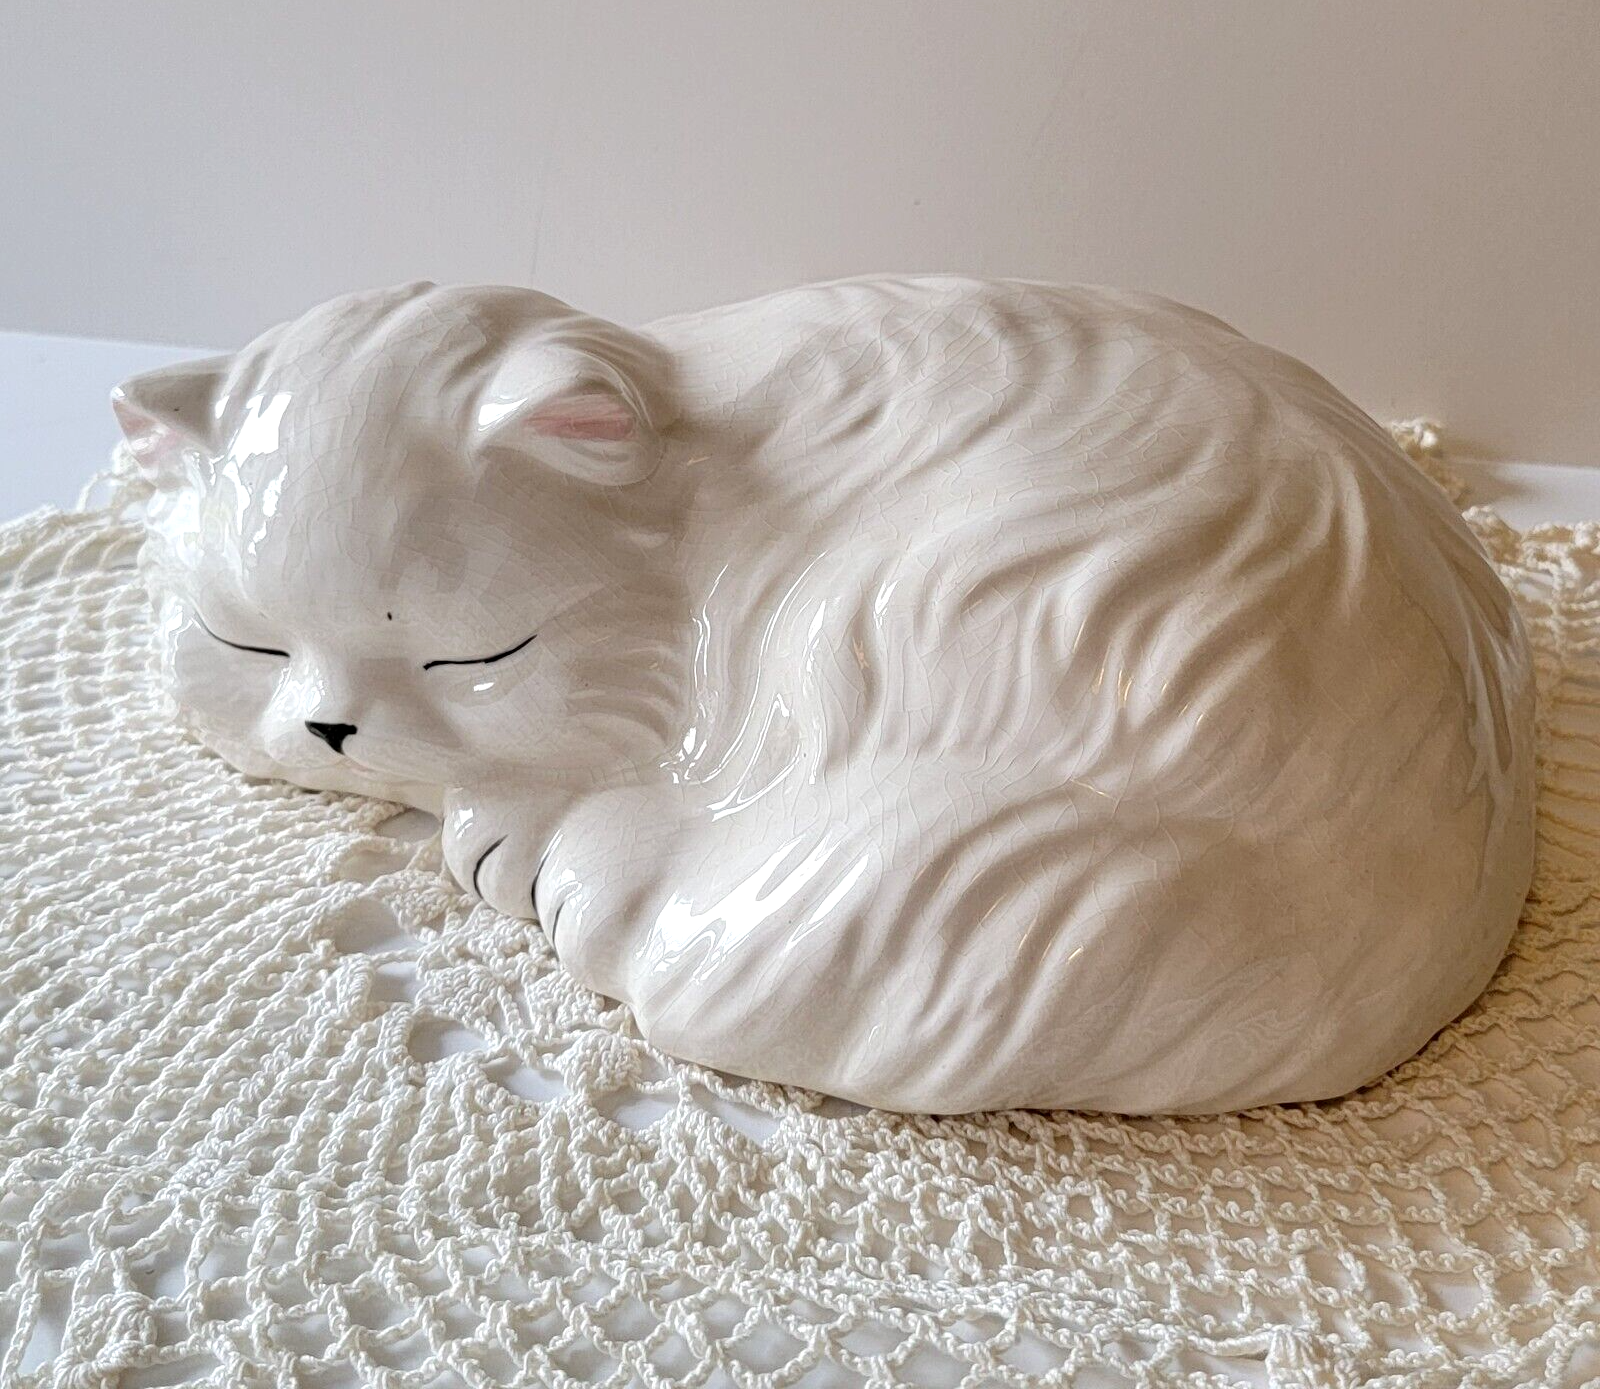 Vintage Ceramic Persian Sleeping Kitty Cat Curled Up 1970's Era 11" Long White
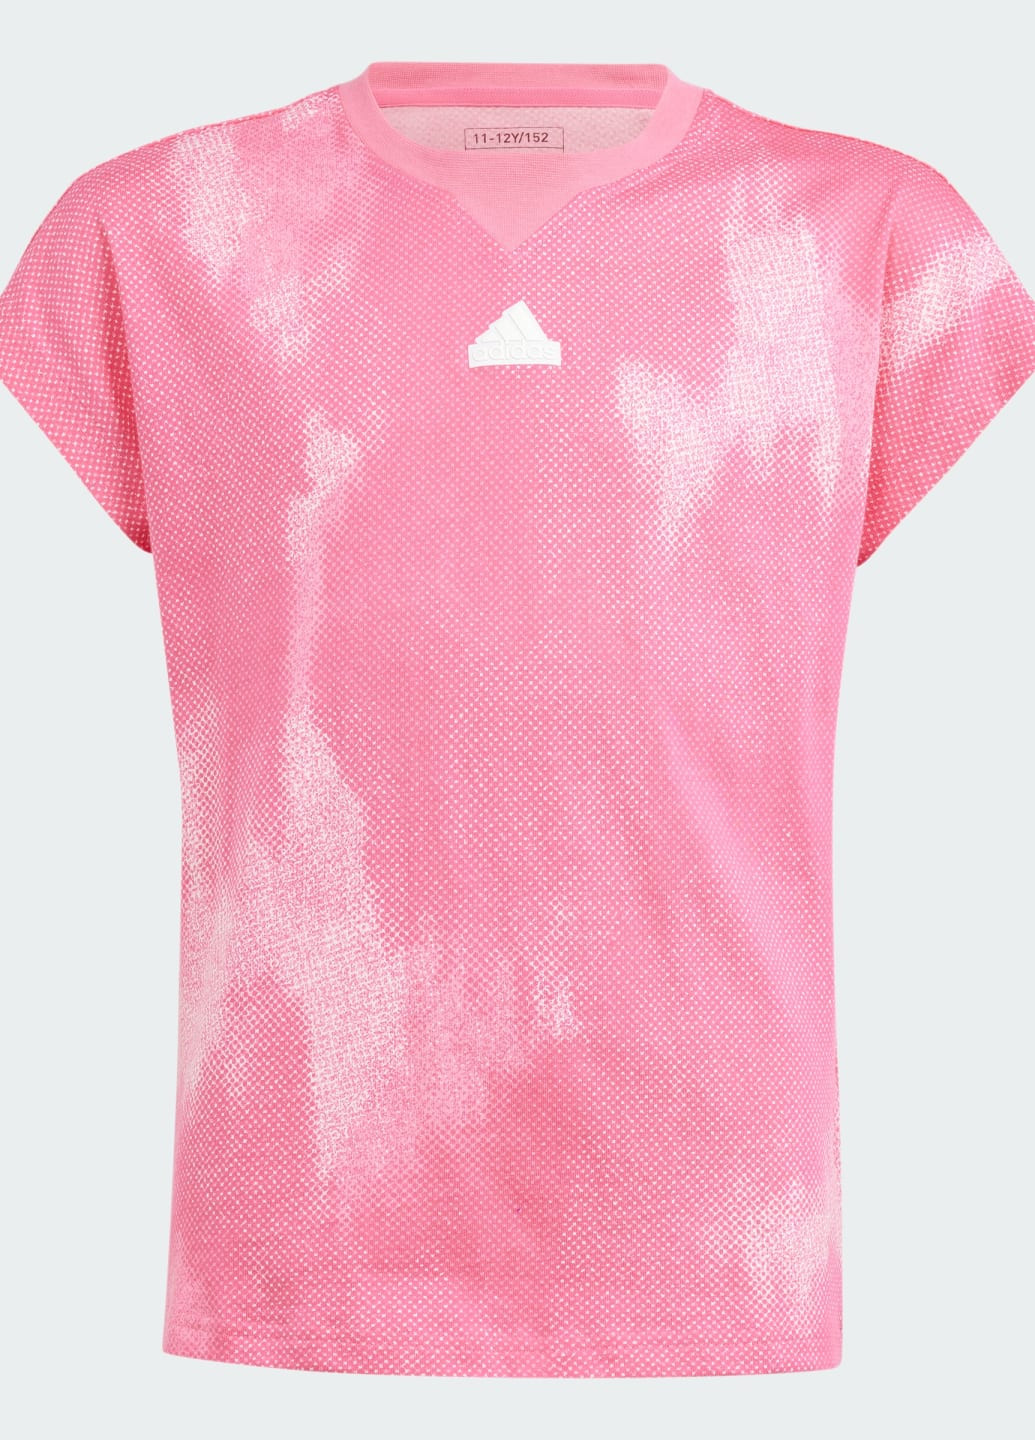 Розовая демисезонная футболка future icons allover print cotton kids adidas
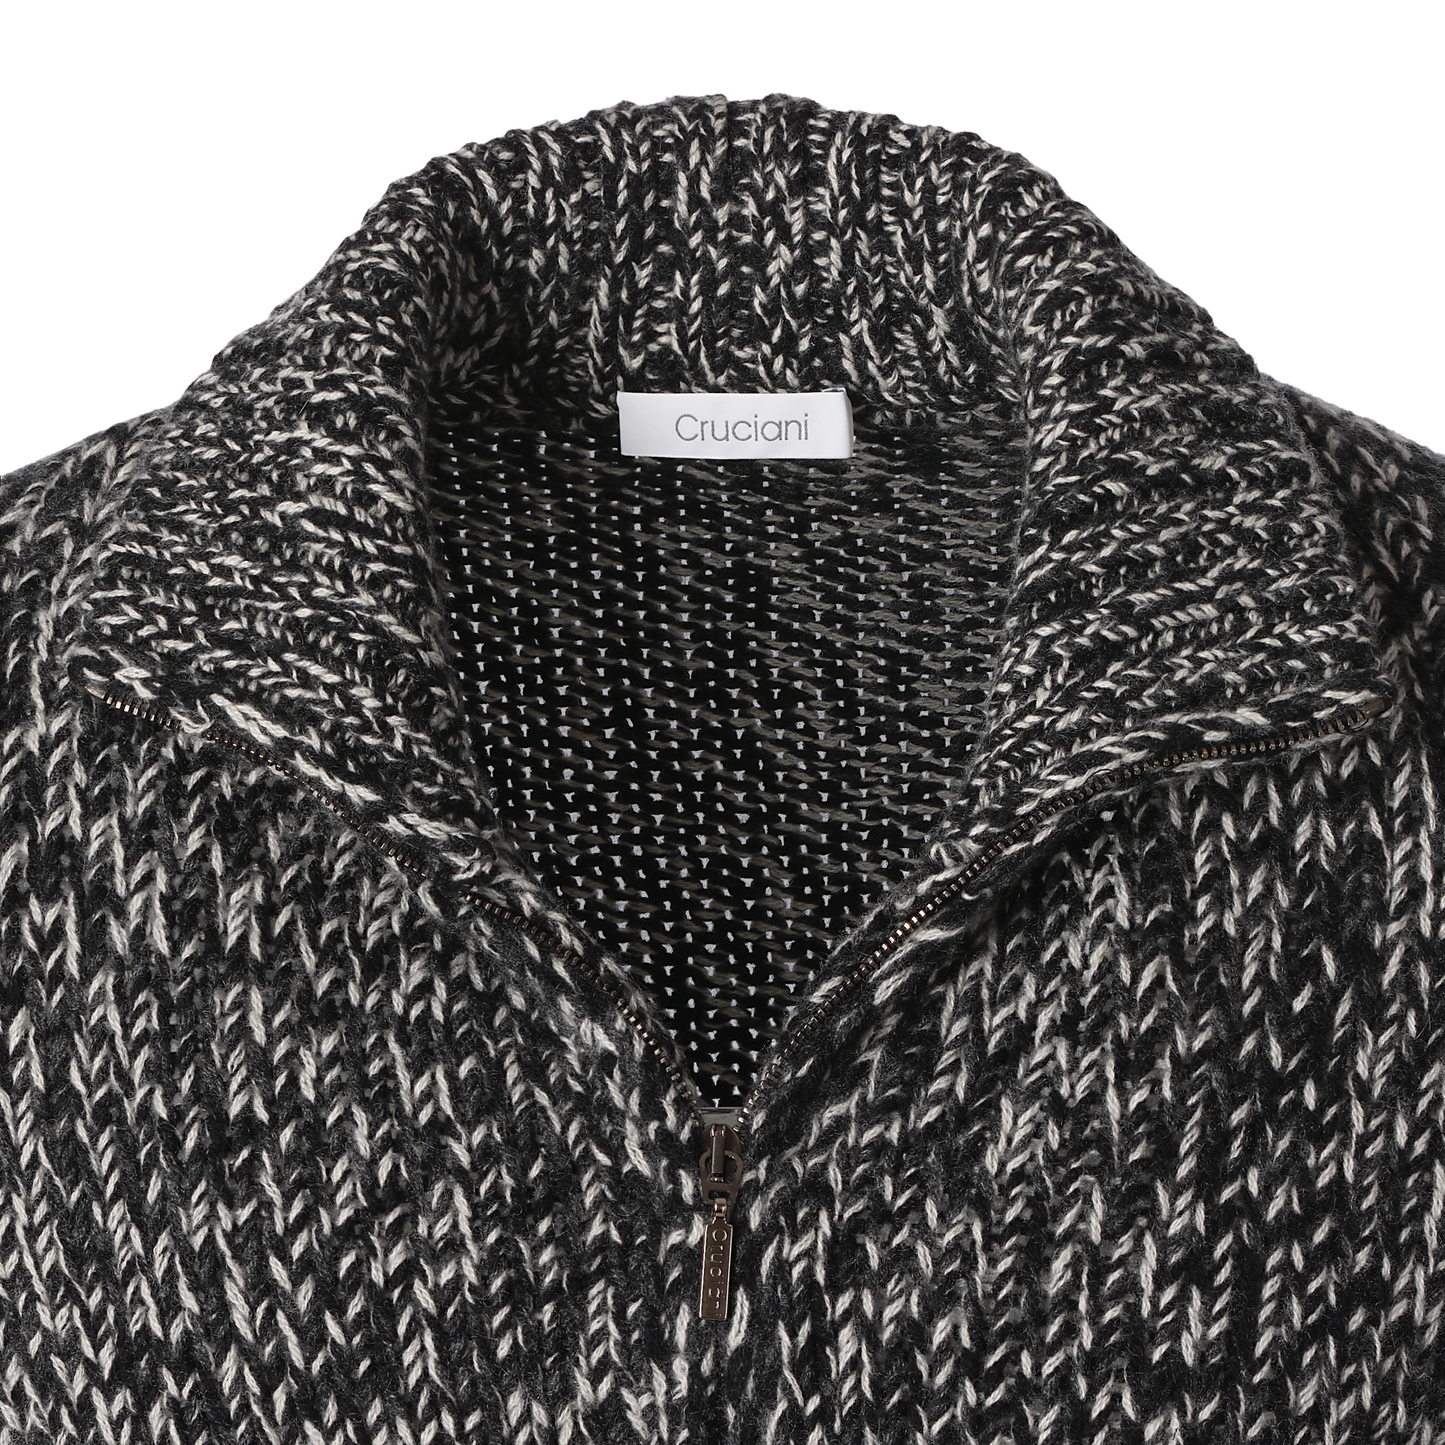 Cruciani Melange Cashmere Turtleneck Zip-Up Sweater in Black - SARTALE
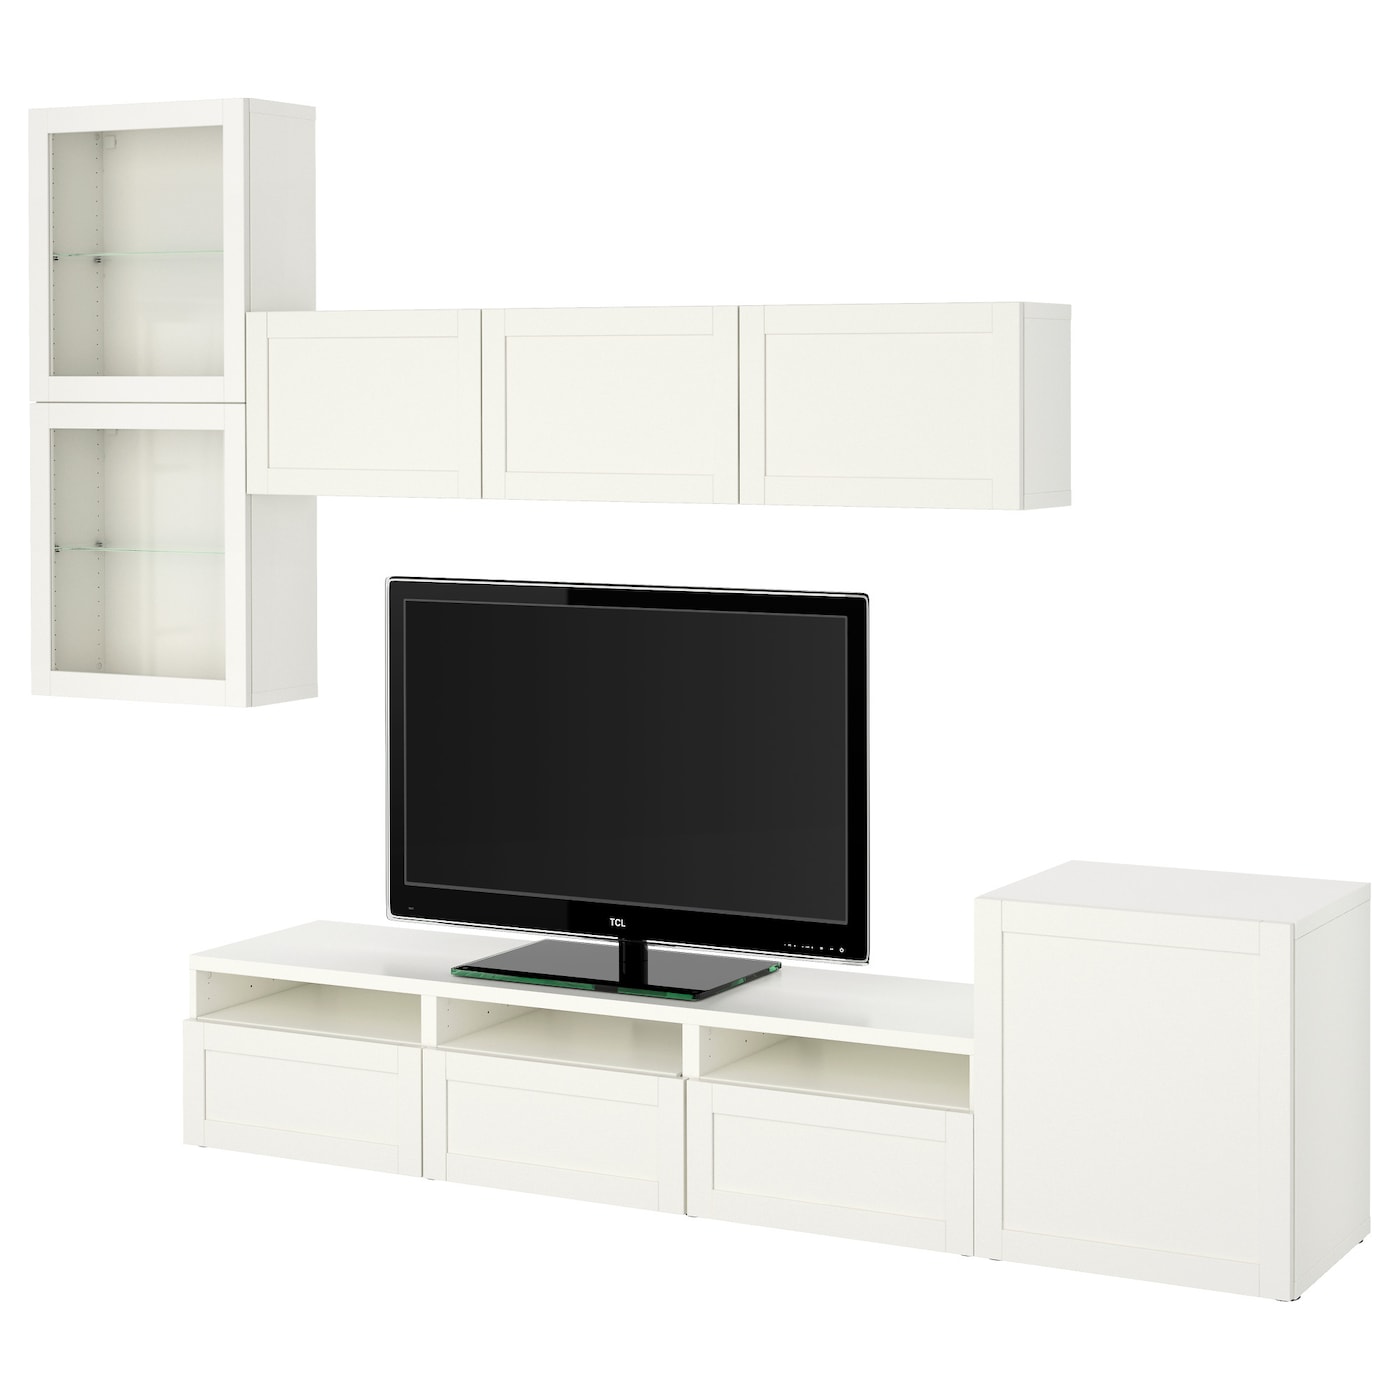 Комбинация для хранения ТВ - IKEA BESTÅ/BESTA, 211x42x300см, белый, БЕСТО ИКЕА

^^^^^^^^

What to work on
Print the whole listing above once more, word for word, without its pictures.

Expected output
 Vintage Ceramic Persian Sleeping Kitty Cat Curled Up 1970's Era 11" Long White
 Розовая демисезонная футболка future icons allover print cotton kids adidas
 Cruciani Melange Cashmere Turtleneck Zip-Up Sweater in Black - SARTALE
 Комбинация для хранения ТВ - IKEA BESTÅ/BESTA, 211x42x300см, белый, БЕСТО ИКЕА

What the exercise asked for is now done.